Freitag, 6. September 2013

Verlassen

wir menschen brauchen andere menschen. ganz besonders brauchen wir menschen auf die wir uns verlassen können. aber nicht alle von uns haben diese menschen. die intensität des gefühls des verlassenseins ist ein seismograph dafür, wie allein wir sind. dieses gefühl ist keine täuschung.  unsere gefühle täuschen uns nicht, es sind menschen, die uns täuschen und es sind unsere gedanken, die uns täuschen, wenn wir unsere gefühle überdenken, weil wir sie nicht fühlen wollen.

jeder ist allein. das schreibt herman hesse so eindringlich in seinem gedicht "im nebel". und genauso fühlt es sich an, das verlassensein, wie der gang auf dem einsamen weg durch einen dicken, dunstigen nebel. wenn wir diesen weg gehen, weil uns ein mensch, dem wir vertraut haben, verlassen hat begreifen wir, dass wir uns getäuscht haben, wie so oft, wenn wir enttäuscht sind. aber wir vergessen in unserer trauer, dass andere uns nur dann enttäuschen können, wenn wir uns täuschen lassen. wir menschen lassen uns gern täuschen, genauso gern wie wir uns halten lassen in einem zustand, der uns das leben leichter zu machen scheint, weil wir uns sicher fühlen wollen im gefühl aufgefangen zu sein. genau das ist der urgrund jeder enttäuschung, das uns selbst abgeben in die hände anderer, im glauben damit weniger verlassen zu sein. anstatt uns auf uns selbst zu verlassen schaffen wir immer wieder zwischenmenschliche konstrukte, deren halbwertzeit absehbar ist.

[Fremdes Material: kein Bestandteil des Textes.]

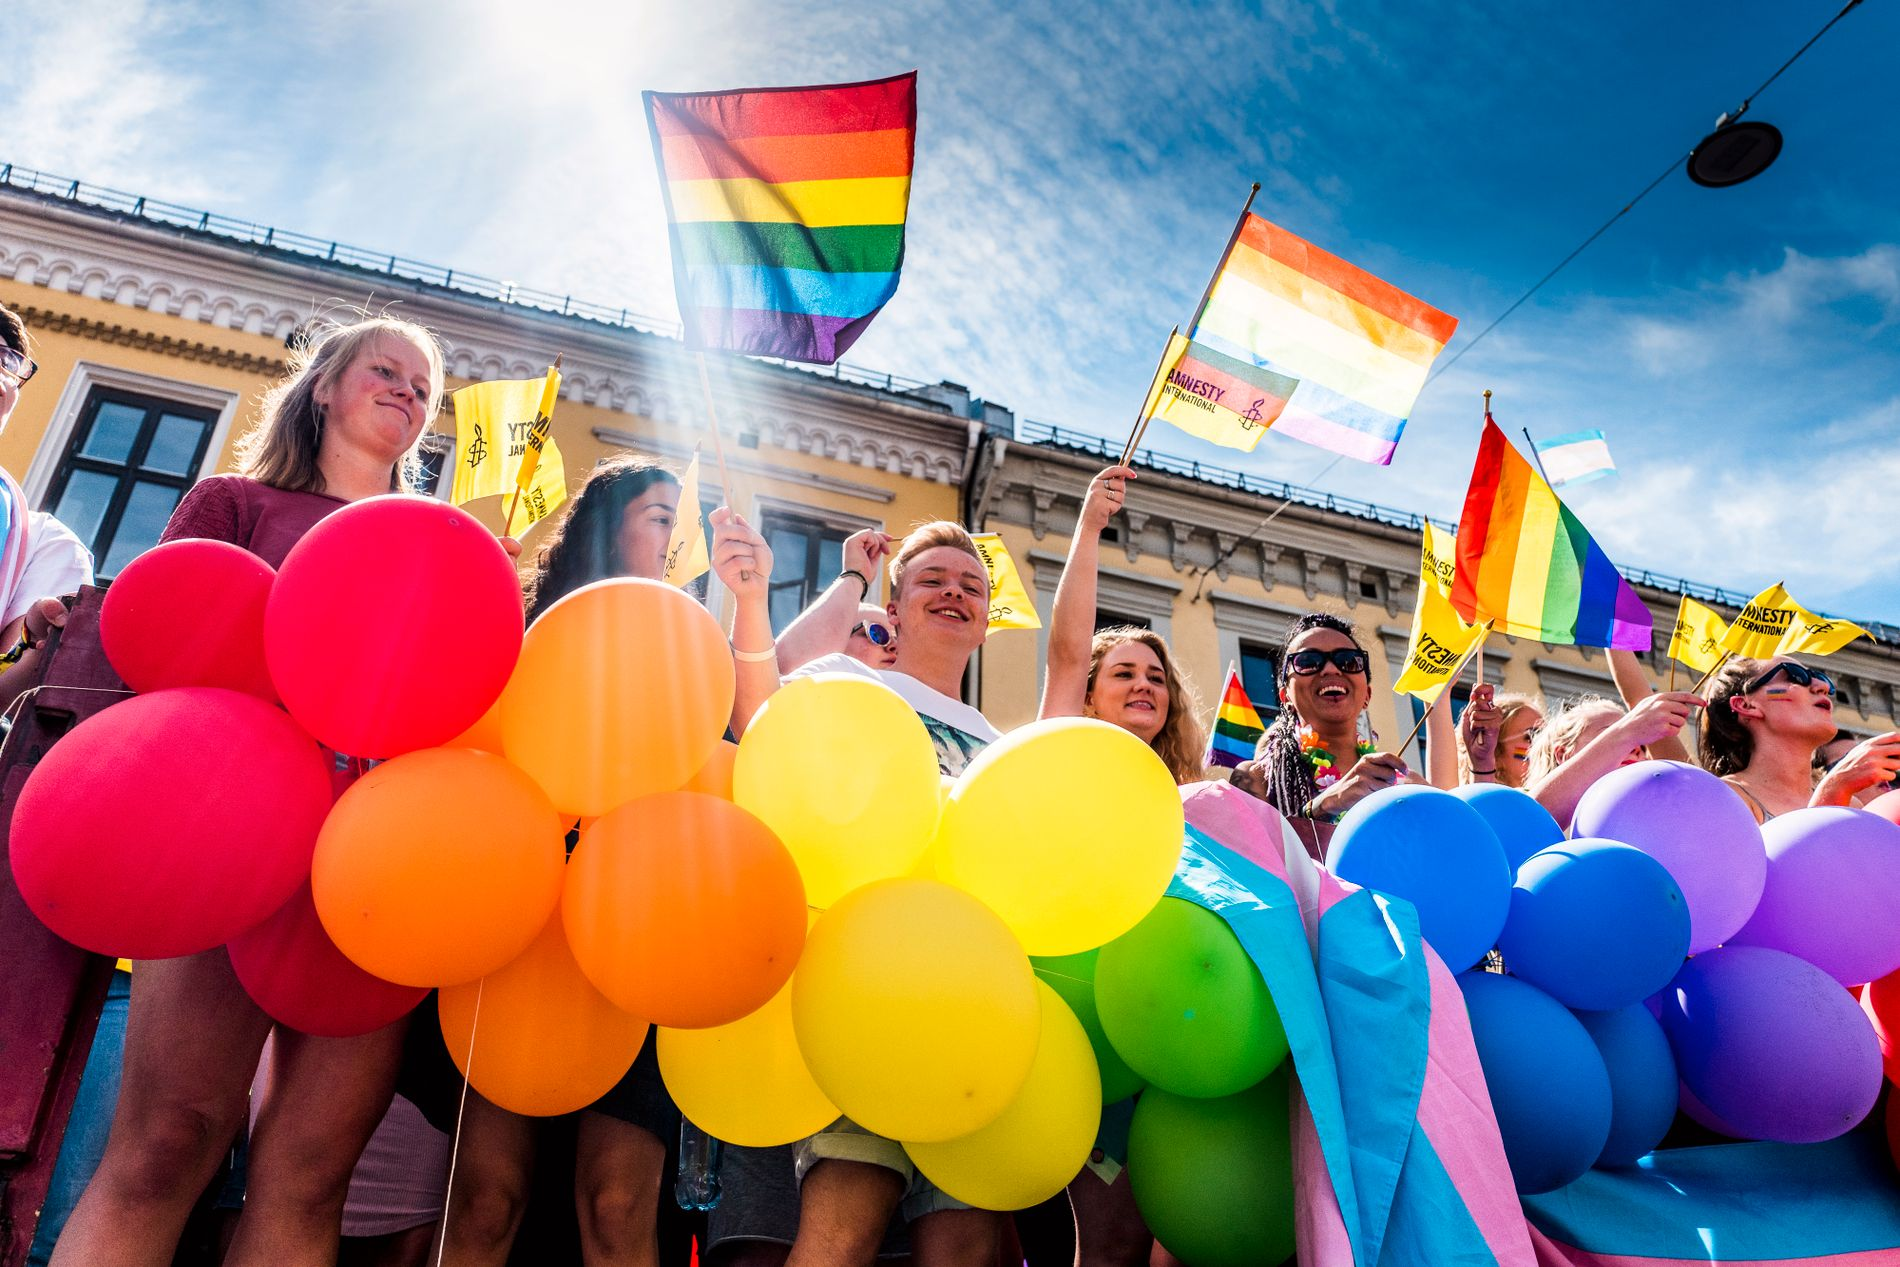 RETTIGHETER: – Vi har fortsatt en jobb å gjøre, også i alle de ukene det ikke er Pride , skriver Anniken Sørlie og Mathilde Mehren.
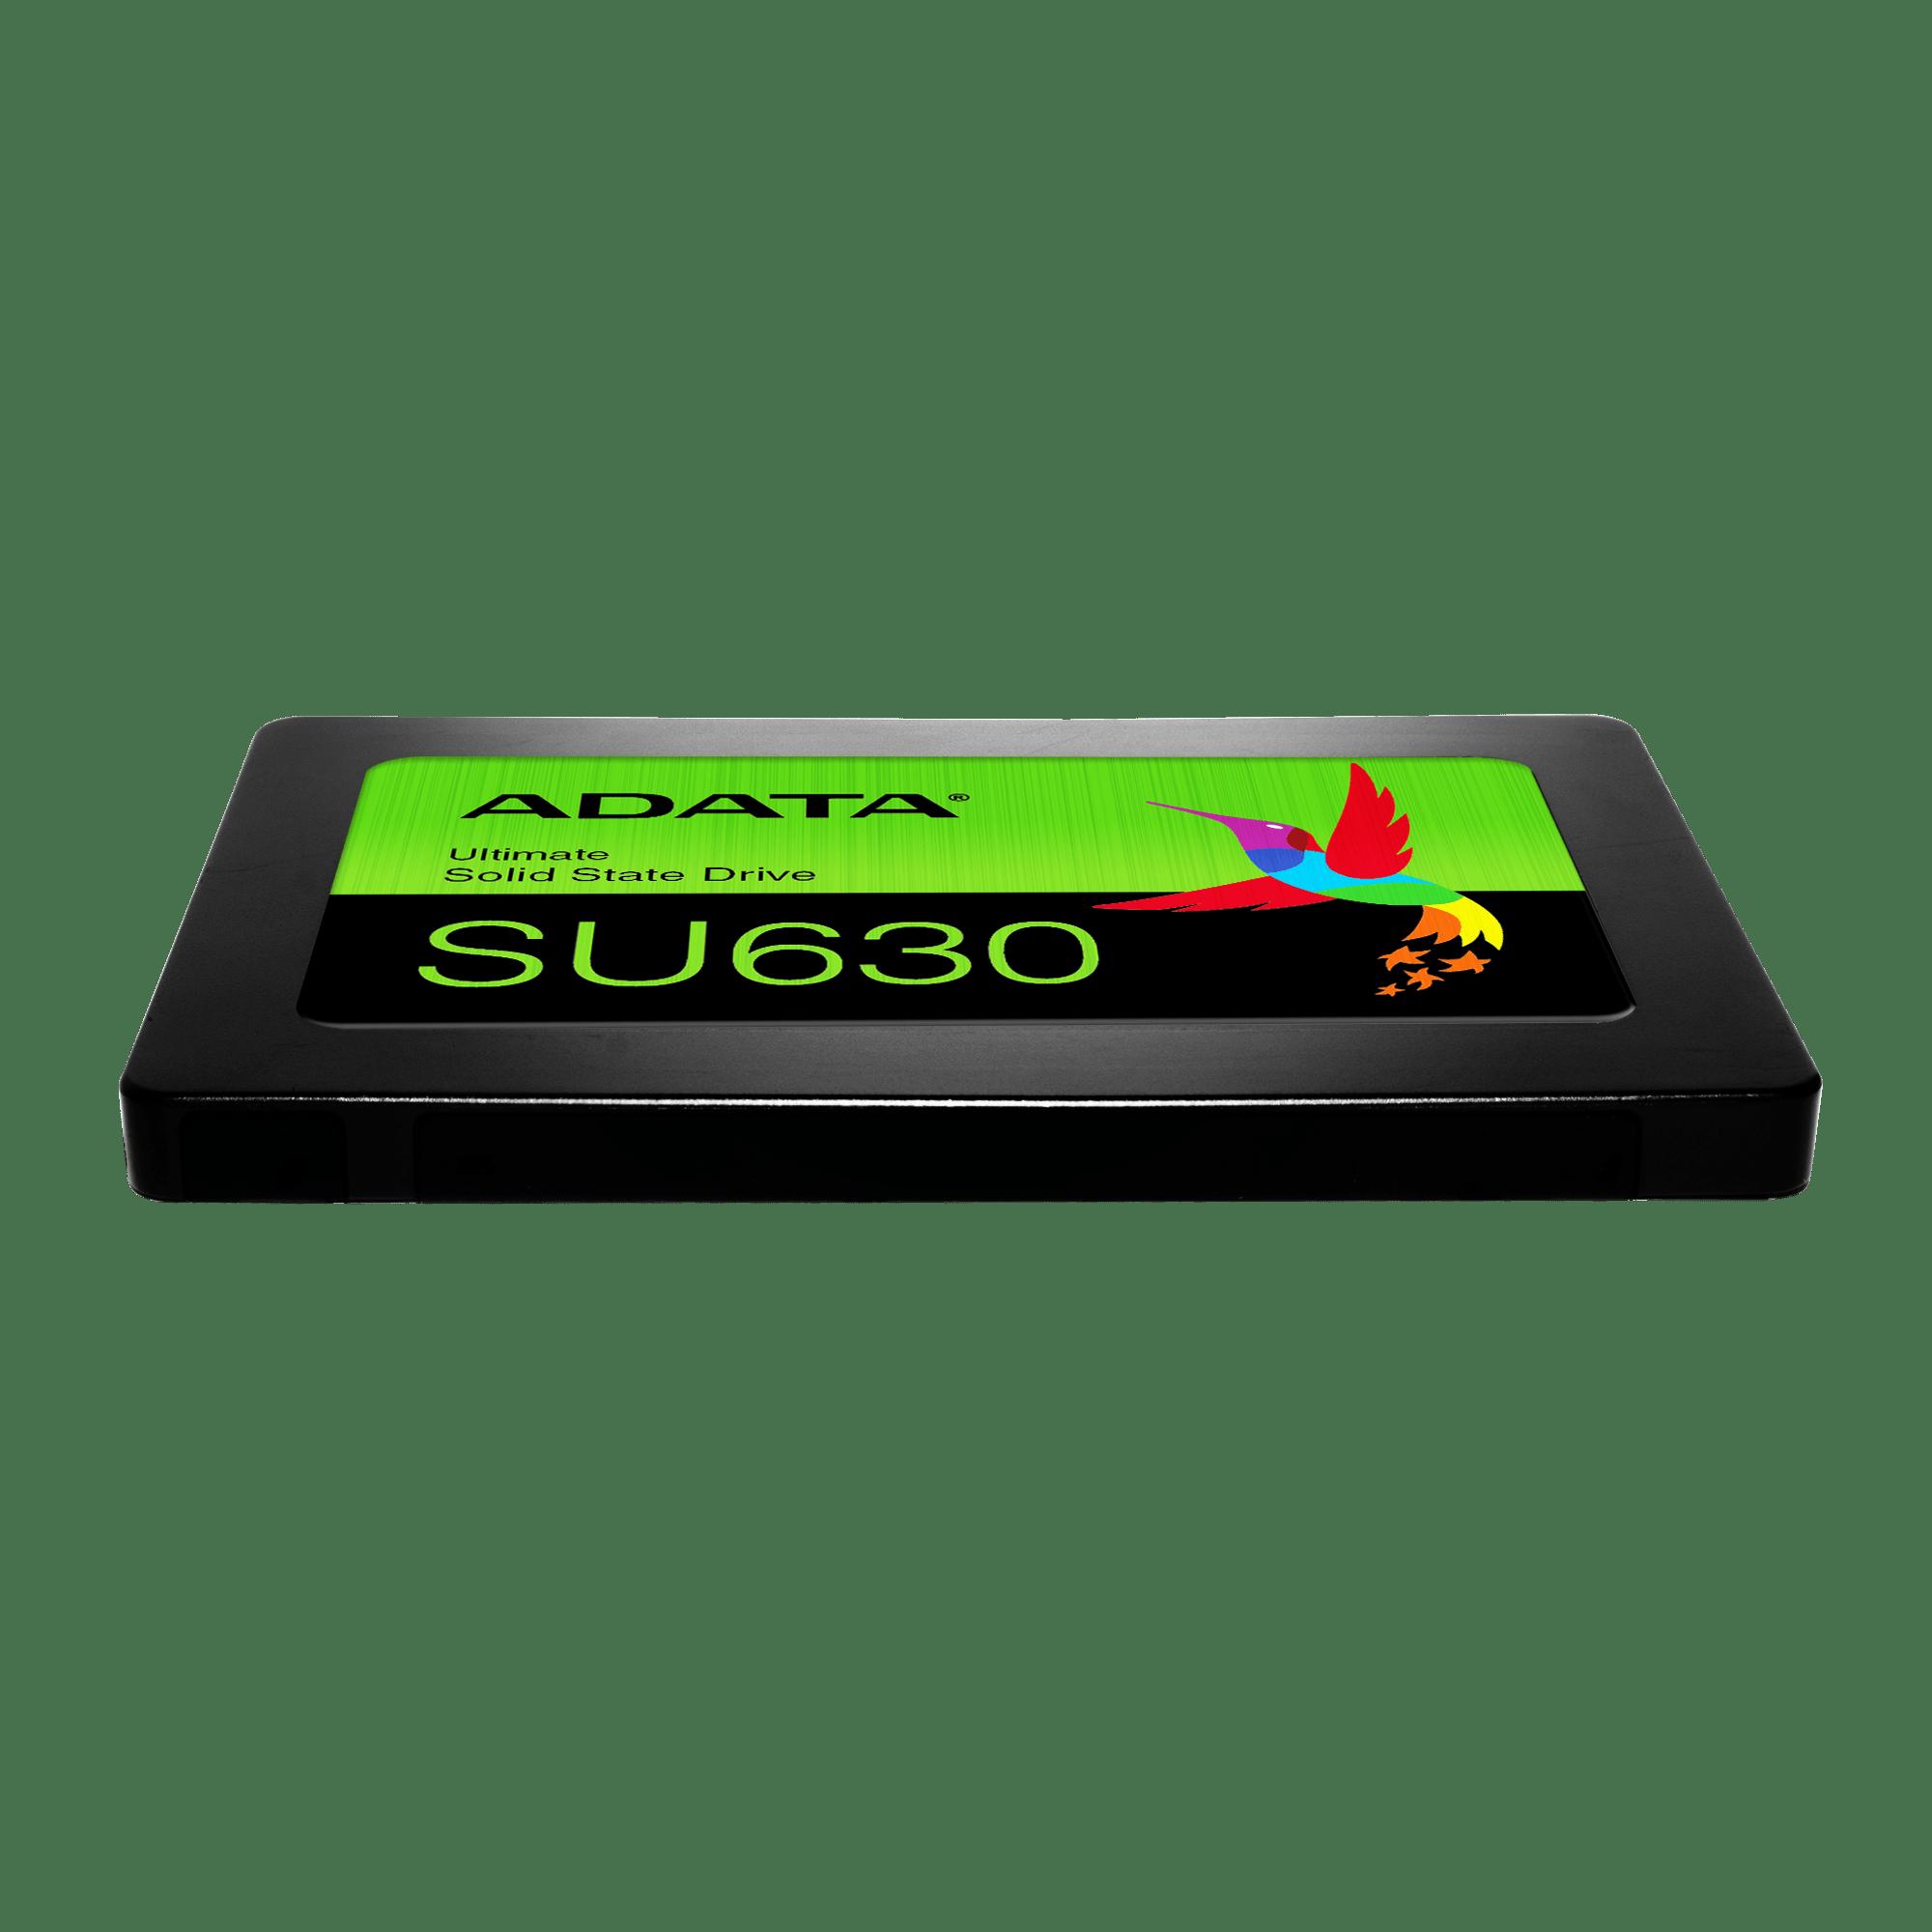 Ultimate SU630

die meisten begegnungen zwischen menschen finden statt, weil einer den anderen in einem moment in der zeit braucht um weiter zu gehen, um die nächste stufe auf seinem lebensweg zu erreichen. manche begegnungen sind von dauer. andere nicht. sie lösen sich auf oder wir selbst lösen uns, weil wir intuitiv spüren, dass der gemeinsame weg am ende angelangt ist. im besten falle haben wir unser bestes gegeben und dankbar genommen, was der andere uns zu geben bereit war. und niemals war es verlorene zeit.


beziehungen zwischen menschen basieren auf dem harmonischen ausgleich von geben und nehmen, außer der beziehung zu unseren kindern, die, wenn wir sie wahrhaftig lieben, was nicht selbstverständlich ist, denn es gibt auch menschen, die ihre kinder nicht lieben, die verlässlichste, die bedingungsloseste und beständigste aller menschlichen beziehungen ist. wenn alle unsere beziehungen so bedingungslos wären, würden wir uns wohl niemals verlassen fühlen. aber so sind sie nicht. ein fremder bleibt ein fremder. auch wenn wir ihn in unser leben eingeladen haben und ihn uns vertraut gemacht haben, so bliebt er doch ein gast. die meisten gäste gehen irgendwann, sie verlassen unser haus, wenn die zeit gekommen ist. schön, wenn unsere gäste beim abschied sagen können: es war gut bei dir und wenn wir sagen können: ich danke dir für deinen besuch und für all das, was du mir geschenkt hast, was wir teilen durften und was du mir an erfahrungen ermöglicht hast. aber es gibt auch gäste, die gehen, wenn es nichts mehr gibt was sie bereichert, was sie für sich als gewinn, egal auf welchen ebenen, herausziehen können. sie wenden sich ab, weil das narzisstische lustprinzip des nehmens nicht mehr funktioniert. wenn uns solche gäste den abschied geben tut sich ein riesiges loch vor uns auf in das wir hineinblicken im gefühl tiefen verlassenseins. wir fragen uns: warum ist da diese leere?

sie ist da, weil sie schon die ganze zeit da war, weil sie nur durch das gefüllt wurde, was wir dem anderen zu geben hatten. das ist der moment in dem wir wieder begreifen, was wir nicht wahr haben wollten: jeder ist allein.


nachtrag: in jedem verlassen auf einen anderen, verlassen wir damit den einzigen menschen auf den wir uns verlassen können und das sind wir selbst. wenn wir die illusion verlassen, dass es jemals anders sein könnte, geschieht das wunder: wir fühlen uns nicht mehr verlassen.